Monday, January 27, 2014

Things to Know about Primary Progressive Multiple Sclerosis

Some people suffering from MS are actually diagnosed in the primary progressive multiple sclerosis phase. This means that patients are actually experiencing symptoms which last for days or even months. In this phase of the disease, the most common symptoms include numbness, tingling, weakness, bladder difficulty, as well as visual symptoms and unsteadiness. Symptoms progress gradually, as the disease becomes worse. 

As the name of this phase indicates, this is a progressive condition, so symptoms only get worse over time. They will not commonly occur as sudden attacks. The way symptoms progress can vary from one case to another. The phases of progress when it comes to symptoms intensity can be followed by periods when they remain at staying level, with no visible changes.
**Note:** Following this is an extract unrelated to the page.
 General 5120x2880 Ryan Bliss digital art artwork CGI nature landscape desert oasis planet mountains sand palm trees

The diagnosis of primary progressive multiple sclerosis can be a very complicated procedure. Based on symptoms, doctors can recommend special diagnosis procedures. MRI imaging of the brain and spinal cord may indicate the development of MS. The exact cause of the MS cannot be determined by specialists. However, it is thought that MS is caused by the combination of many factors, including genetic ones. The disease is not contagious and it is not life-threatening.
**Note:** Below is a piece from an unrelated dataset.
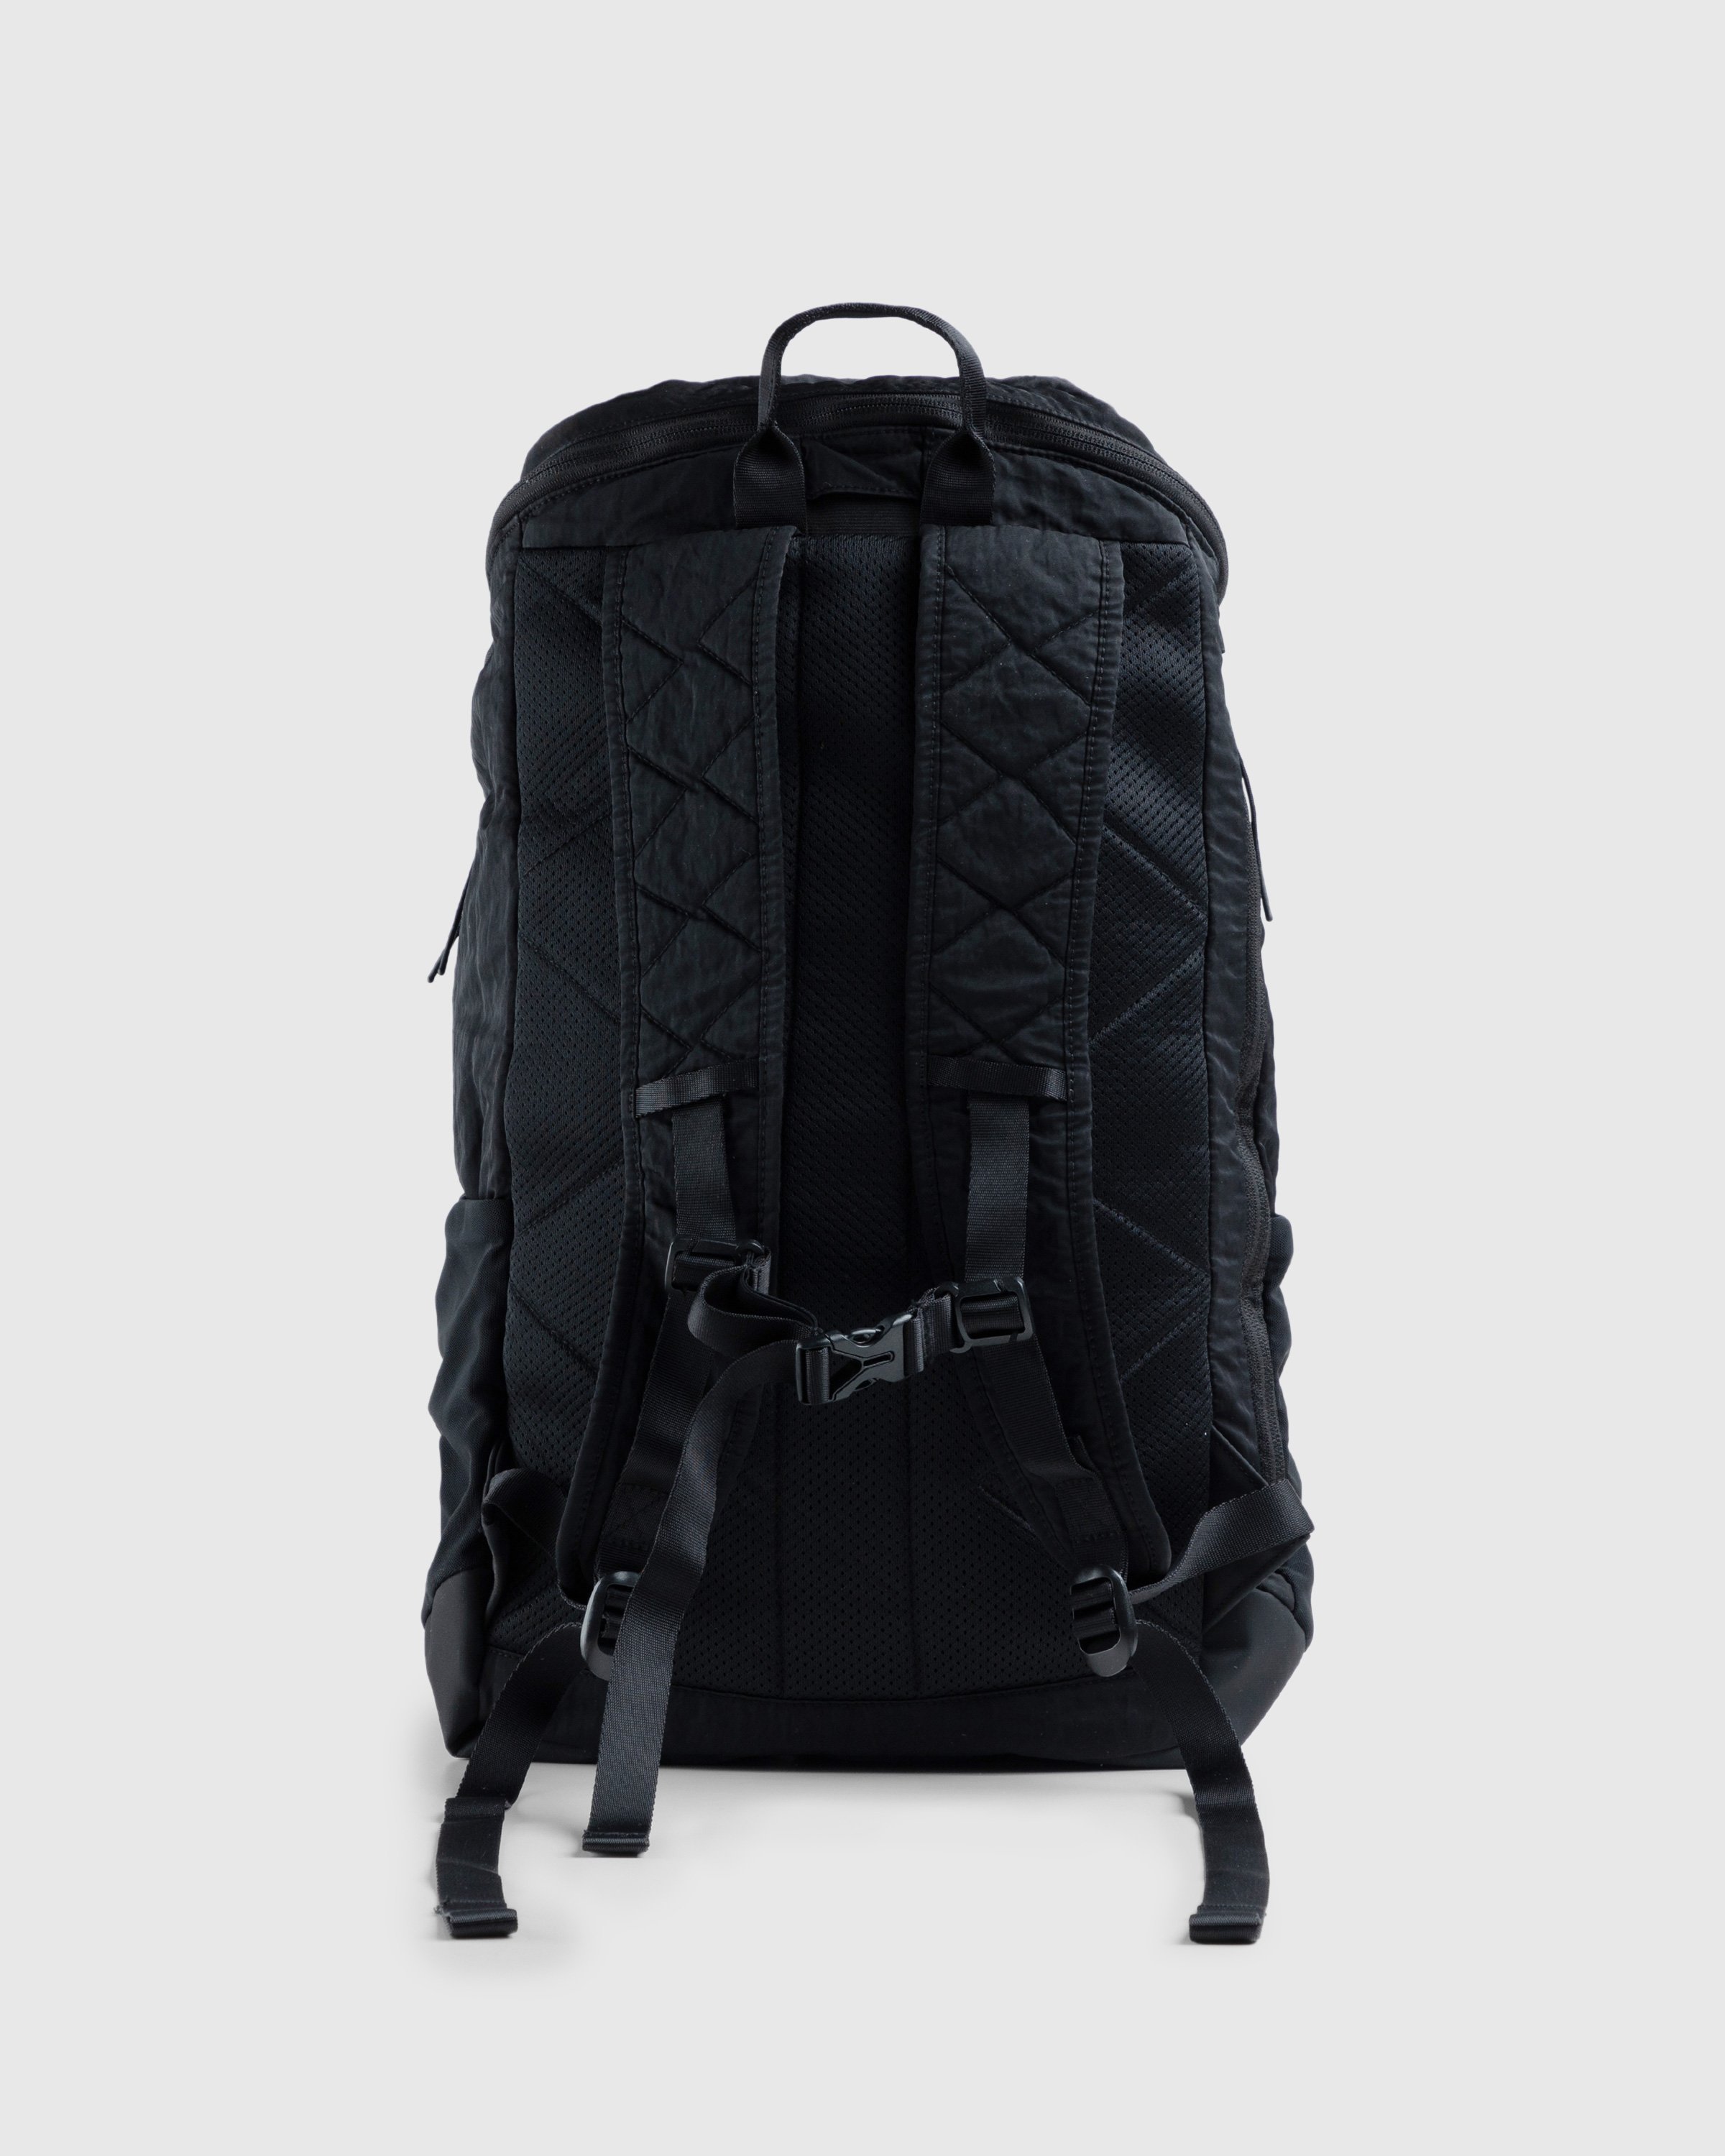 C.P. Company - Nylon B Backpack Black - Accessories - Black - Image 2

Statistics indicate that this phase of multiple sclerosis is most commonly diagnosed in people in the 40s or 50s. However, the disease can be diagnosed even earlier. Both men and women can suffer from this condition. There are various treatments that can be used by MS patients who are suffering from the primary progressive form of the disease. Patients are recommended to lead a healthy lifestyle, which can reduce the severity of the disturbing symptoms the disease causes. Exercise programs are highly recommended for these patients.

About 10 to 15 percent of all MS patients are diagnosed with the primary progressive form. It tends to be diagnosed later in life, being more common in people over 40. Statistics show that the symptoms of primary progressive multiple sclerosis commonly occur between the age of 35 and 39.
As there is no cause of MS, doctors cannot say how to prevent this condition. The only thing patients can do is to lead a healthy lifestyle, which will reduce the risk of developing many diseases.